L’injustice sociale c’est le dada de sa politique gouvernementale . Dans ce type de chansonnette à la mélodie amère il est vrai que Nicolas Sarkozy avait déjà démontré toute sa virtuosité en début de mandat par l’avènement d’un bouclier gaulois pour grande fortunes et un déluge de mesures injustes qui n’étaient pas appropriées. La suite de la chanson est bien connue car le Président qui avait grillé toutes ses marges de manœuvre par de beaux cadeaux fiscaux aux plus fortunés laissa la France au dépourvu . Ainsi de fil en aiguille et au fil de l’Otan après des show qui ont refroidi toute la France ce fut le commencement d’un massacre à la tronçonneuse sur la sécurité sociale, puis l’organisation méticuleuse du cortège d’enterrement du code du travail, mais aussi un ballet virevoltant sur la scène internationale au firmament de l’incohérence et de positions changeantes, enfin une rupture pas tranquille du tout avec la politique étrangère française et l’embrassement de l’atlantisme . Ainsi s’en va la France quand en plus la laïcité est mise à mal , c’est à dire en réalité le fondement de la République.
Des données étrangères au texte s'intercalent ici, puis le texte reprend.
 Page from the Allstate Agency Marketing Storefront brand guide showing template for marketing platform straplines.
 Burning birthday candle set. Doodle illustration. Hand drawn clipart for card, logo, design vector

En effet rien de plus archaïque que de remettre au mauvais gout du jour le concept moyenâgeux de la France fille ainée de l’église dans un pays où dans le cas où l’on aurait oublié , se faire bénir en famille même par le pape demeure une affaire privée. Le terme laïcité positive employé par le Président de la république signifierait-il d’ailleurs que la laïcité pourrait être négative ? Mais tout cela n’est en fait qu’une mise en bouche face à la soupe à la grimace pantagruélique et indigeste qui nous attend. Pour ceux qui ne l’auraient pas compris les caisses de l’état sont à sec et le gouvernement est bien décidé à conduire une politique des plus favorables à l’enrichissement d’une minorité et au démantèlement des services en faveur du plus grand nombre. A peine la sonnerie de la récréation estivale retentie que la privatisation de la poste est à l’ordre du jour ,l’éradication de la maternelle envisagée, les promesses du grenelle de l’environnement balayées, le fichage liberticide institué . Pas encore ressorti des abysses du plus grand cayon de l’impopularité de la 5ème république que Nicolas Sarkozy rêve déjà d’un second mandat et communique sur le sujet .
C’est donc dans la droite ligne d’une politique gouvernementale inefficace sur les plans économiques et sociaux , dans une incapacité de remise en cause tant sur fond que sur la forme que s’écrit cette chromique d’un marasme annoncé . Malgré ce, heureusement cette rentrée est ponctuée d’évènements de la plus haute importance nationale. Ainsi l’idée lumineuse de Xavier Darcos de décerner une médaille aux bacheliers est apparue comme une lueur d’espoir et la réponse aux attentes secrètes des lycéens. Dommage que Monsieur Darcos n’ait pas pensé aussi à rétablir les bon points en primaire ou alors qu'il n'ait pas songé à réhabiliter le port de coiffes d’équidé .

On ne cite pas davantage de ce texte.